I have always loved sauerkraut and decided to make some for myself. Lacking a really cool, hundred dollar fancy crock, I made my first batch in this saved plastic pretzel jug. Here it is on day 2:

making kraut

 

And here it is after 3 weeks, and having been crammed into 2 quart mason jars. (I did not "can" the kraut since I didn't wan't to "kill" all the good stuff. Just put it in jars and into the fridge.) I have finished off one of the jars so far and man, was it good! To keep things going I have started a new batch. This time it is sauereuben using turnips, a little cabbage, carrots and caraway seeds. That batch has been going for a couple of days and I can't wait to dive in!

Here is what the kraut looked like right before I tasted my first sample:

finished home made kraut

If you hate kraut there is nothing I can say to you. If you like it, all I can say is that you need to make some yourself and you will be eating the best kraut ever.

I have been eating a lot of weird, one pan meals. Get a little butter or olive oil hot in a cast iron skillet and start tossing in whatever is laying around. Shrimp, garlic, an egg or two, some pumpkin seeds, dried lettuce, oddball meat chunks, collards, kraut, frozen tomatoes from last year's garden, you name it. Here are a few samples:

cave man diet food

That simple meal consisted of some juiced Romaine lettuce, a Fuji apple, and some kiwano (African Horned Cucumber from the garden), and a couple of eggs scrambled in with pecans sauteed in butter. Our hens keep us in plenty of eggs and the pecan trees provide lots of nuts so those have become staples for me. Here is another example:

pecan cakes

Pancakes, made the traditional way, are completely off limits so I invented my own. These are pecan flour pancakes (nuts ground to powder in a Mr. Coffee electric coffee grinder, a pinch of aluminum free baking powder, some sea salt, an egg and a little water and oil) baked on the cast iron skillet. A scrambled egg and a little butter tops it off. Wow! I like them better than the old, evil Bisquick variety! Here is another:

home eggs

Just some basic fried eggs. Thank you, ladies!

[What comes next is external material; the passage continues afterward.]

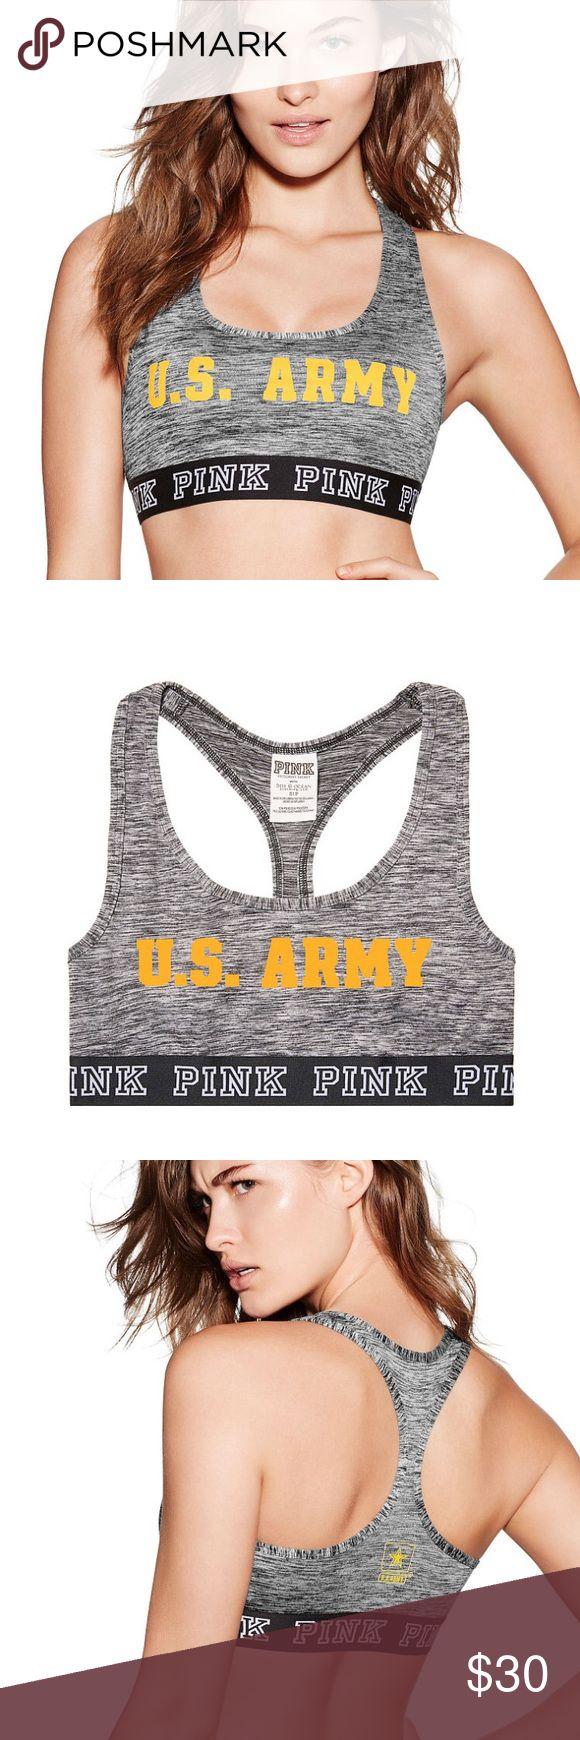 0d4d13a76dd51 NWT Victoria s Secret PINK ARMY Logo Crop Bra NWT
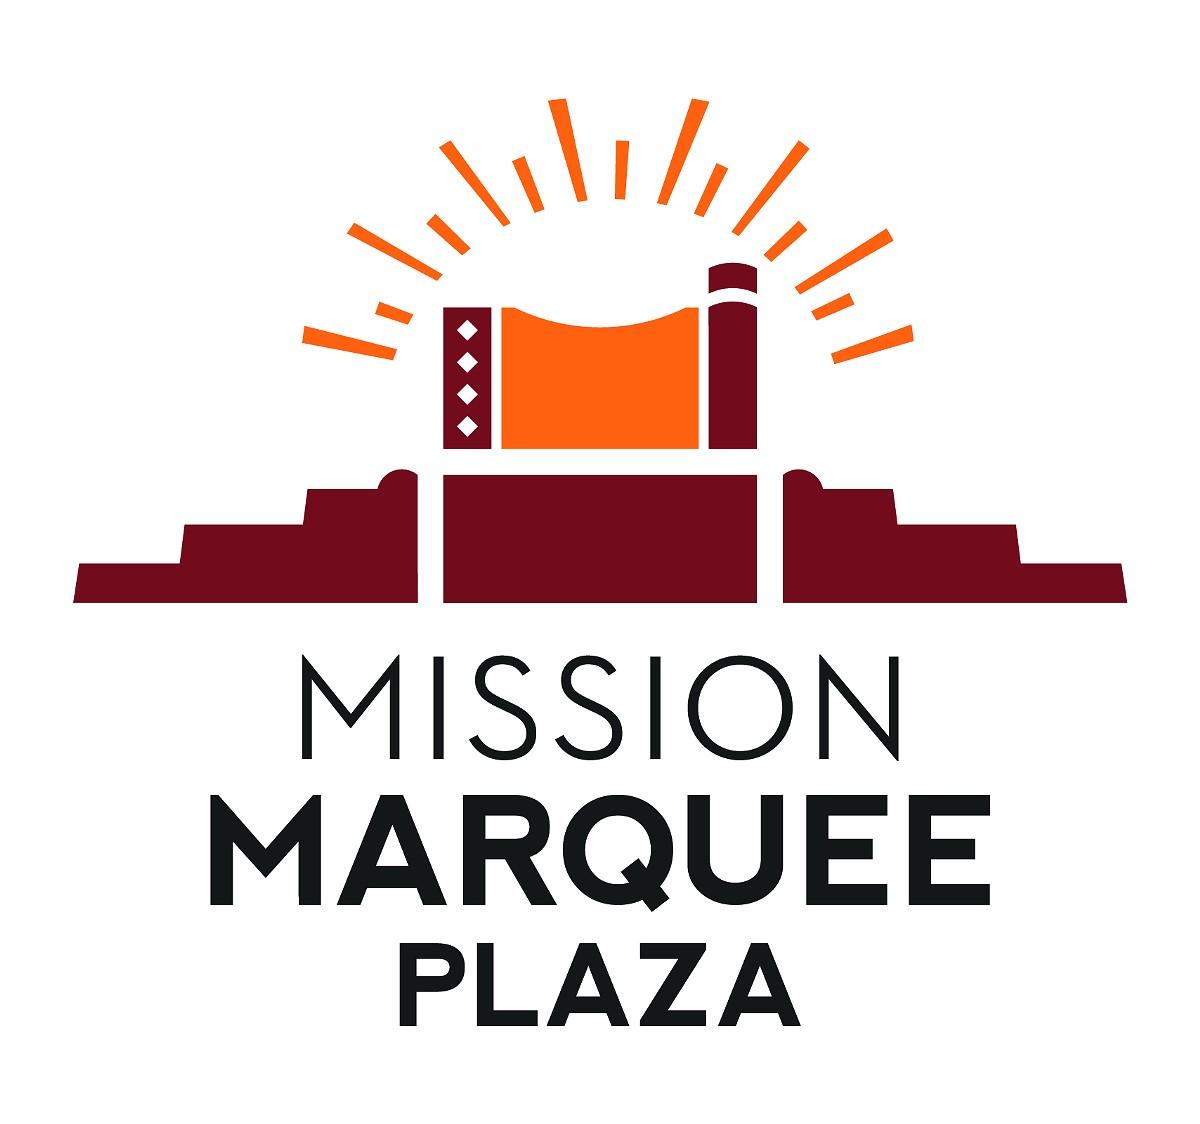 4da6c21b_mission-marquee_plaza_logo_stacked.jpg

I have also been downing some juice and various vegetable-fruit smoothies courtesy of The Juice Goddess. Here is some straight wheatgrass juice, which is a lot like drinking something you scraped from under the deck of your lawn mower. It may be good for you but I really don't like it.

wheat grass juice

It certainly gets points simply based on its unreal, verdant hue! Last winter I planted a quarter acre of wheat as an experiment in home-grown wheat and all that involves. It was all done with hand tools (the rake, hoe, scythe, sickle and water jug) except for the initial plowing which was handled by our 1951 Ford 8-N. Here is last winter's wheat in late fall of 2012:

winter wheat grown by hand

It sure was pretty. It was the only thing green for most of our short Georgia winter. Here is that same field-ette at hand harvesting time. (I will write on my love affair with the scythe at another time.)

wheat harvested by hand

This winter, 2013-14, I decided against planting wheat since it simply proved to be way too much labor to harvest and thresh. Now, that I am back on the cave man diet I can't eat the stuff anyway! (See "The Fox and the Grapes" by Aesop.) So, instead, to get some wheat for juicing, I grew some in trays:

growing wheat in trays

Easy and fast! For anyone wanting wheatgrass juice, this is pretty simple. Here is the harvesting and juicing process in photo form:

harvesting wheat for juicing

How do you like my combine? About to feed it into the juicer...

juicing wheat grass

That is a beautiful green! I will say this. You have to have a lot of grass to make a little juice. It took 3 of those "6 hole" trays to make one shot of juice! So, grow lots if you are into the wheatgrassin' thing. Well, all this writing has made me hungry so I guess I will go get my atlatl and see what I can scare up...

atlatl toss

Too bad it's 17 degrees outside right now. I wish it was 75 like it was the day Darlene took those atlatl photos! As soon as I get done busting the ice out of the horse tank with a hatchet (I love my Estwing!) I think I will sit inside and play some clawhammer banjo. If my hands warm up it would be a good time to work on my drop-thumbing. It's always a good time to work on one's drop-thumbing.